Huang Was Vouching For His Own Bet
When Jensen Huang stepped onto Matt Murphy's Computex keynote stage on June 2 and said 'the next trillion-dollar company, ladies and gentlemen,' the moment looked spontaneous. It wasn't. Two months earlier, NVIDIA had announced a $2 billion strategic investment in Marvell as part of an expanded partnership built around NVLink Fusion, the platform that lets third-party custom silicon plug into NVIDIA's rack-scale AI ecosystem [1]. The same deal bundled in joint silicon-photonics development. So when the CEO of the most valuable AI infrastructure company in the world publicly anointed Marvell, he was vouching for a portfolio company, not making a cold market call.

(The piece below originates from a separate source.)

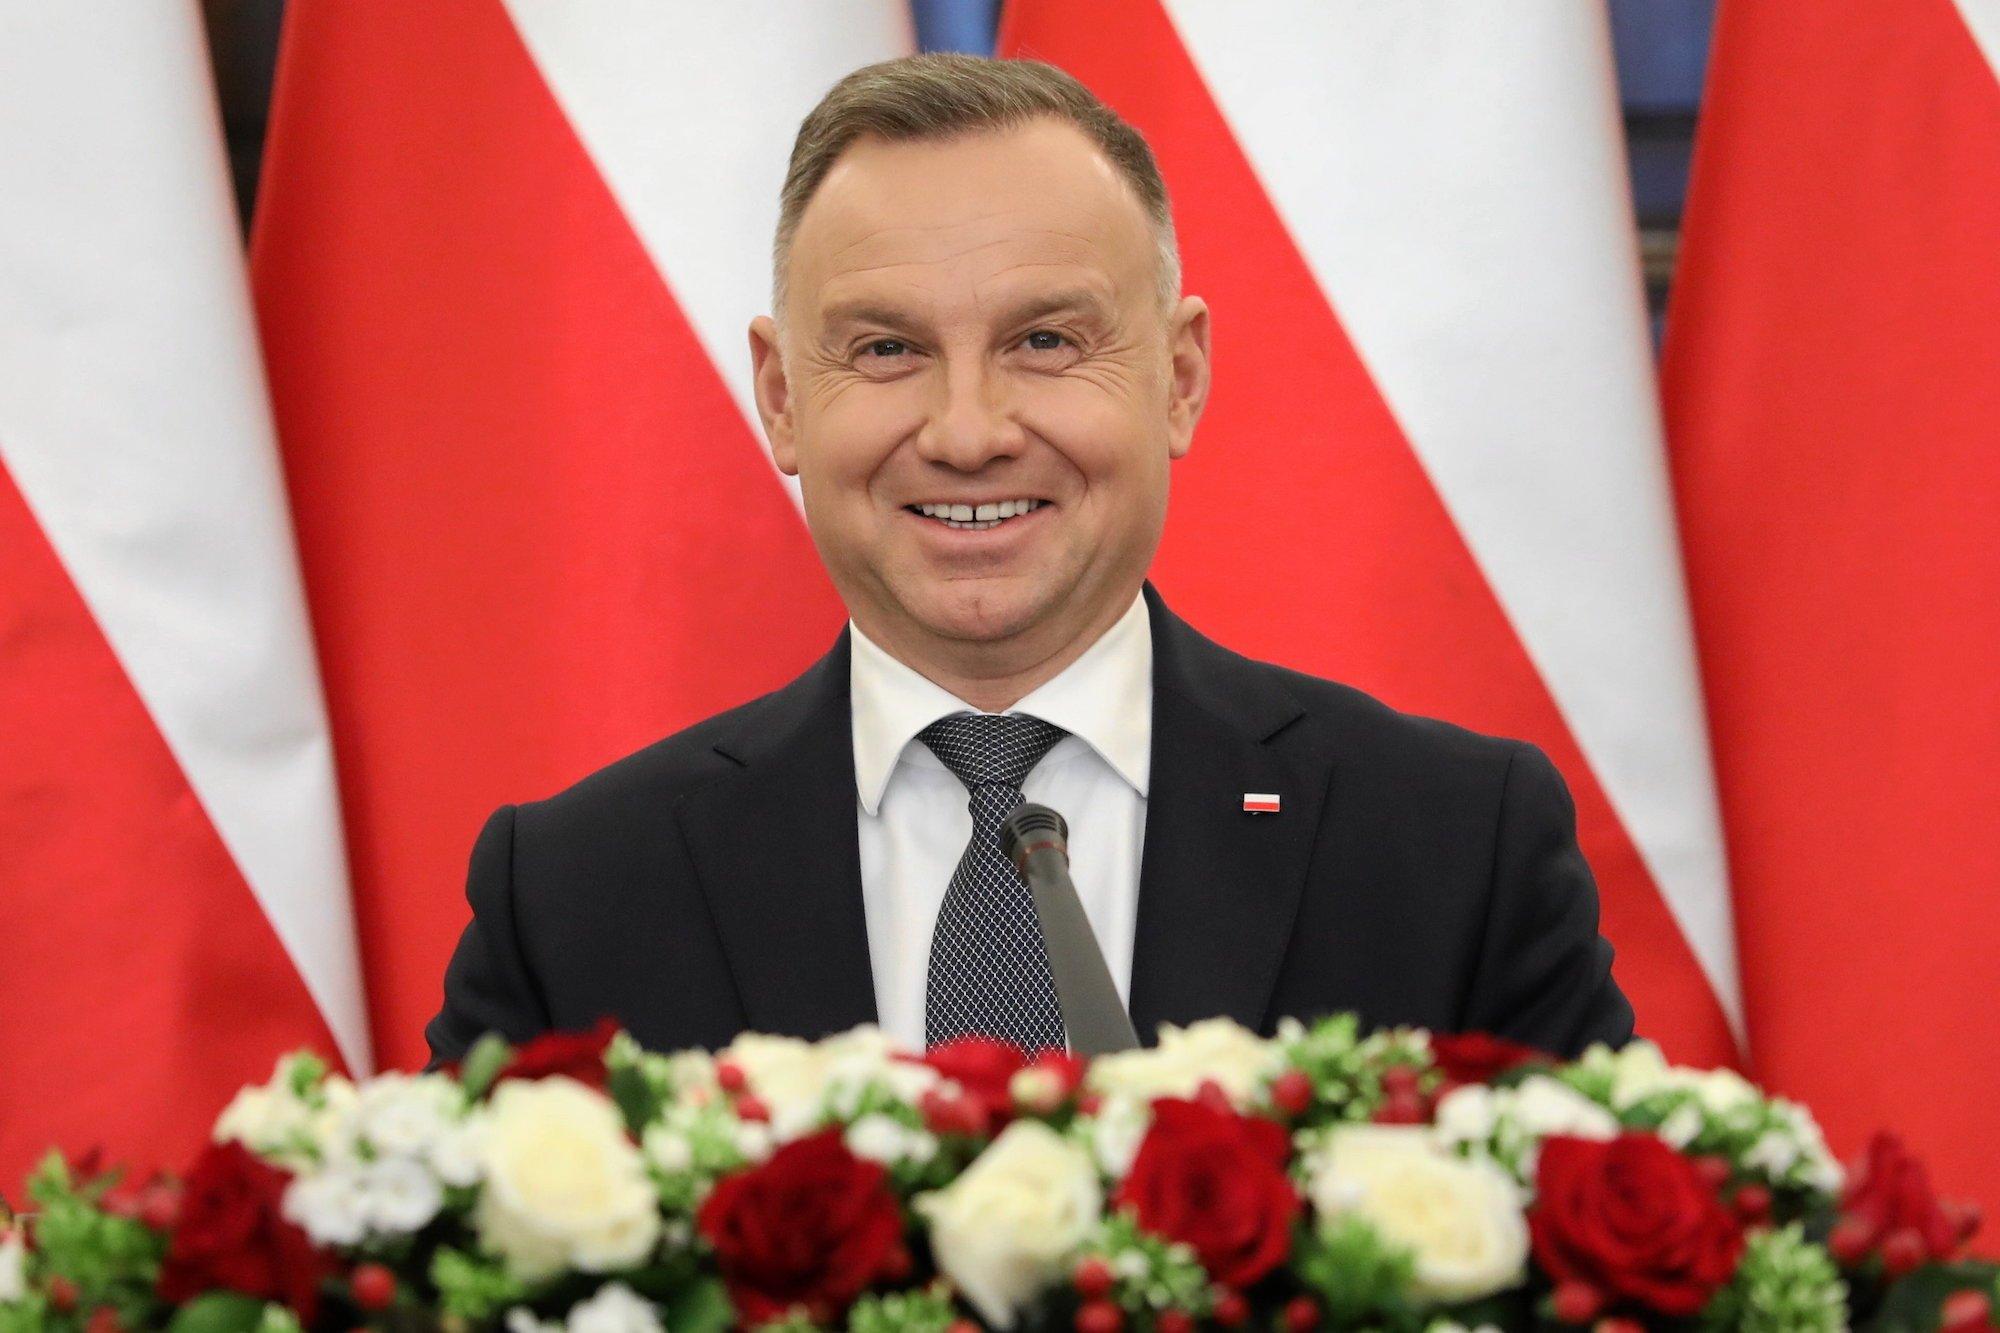 Szeroko uśmiechnięty prezydent Andrzej Duda na tle biało-czerwonych flag. Na pierwszym planie bukiet z białych i czerwonych róż.

That context reframes what the soundbite was. It is a public ratification of a thesis NVIDIA had already underwritten with capital, not the discovery of a new winner. Murphy reciprocated by positioning Marvell as 'the Switzerland of the industry. We work with everybody' [2], language carefully tuned to keep AWS, Microsoft, and Google comfortable while NVIDIA's logo sits more prominently in the wings. The endorsement-plus-equity pattern is becoming NVIDIA's preferred way to extend gravity into the layers of AI infrastructure it does not directly manufacture: invest, integrate into NVLink Fusion, then narrate the partner up on stage.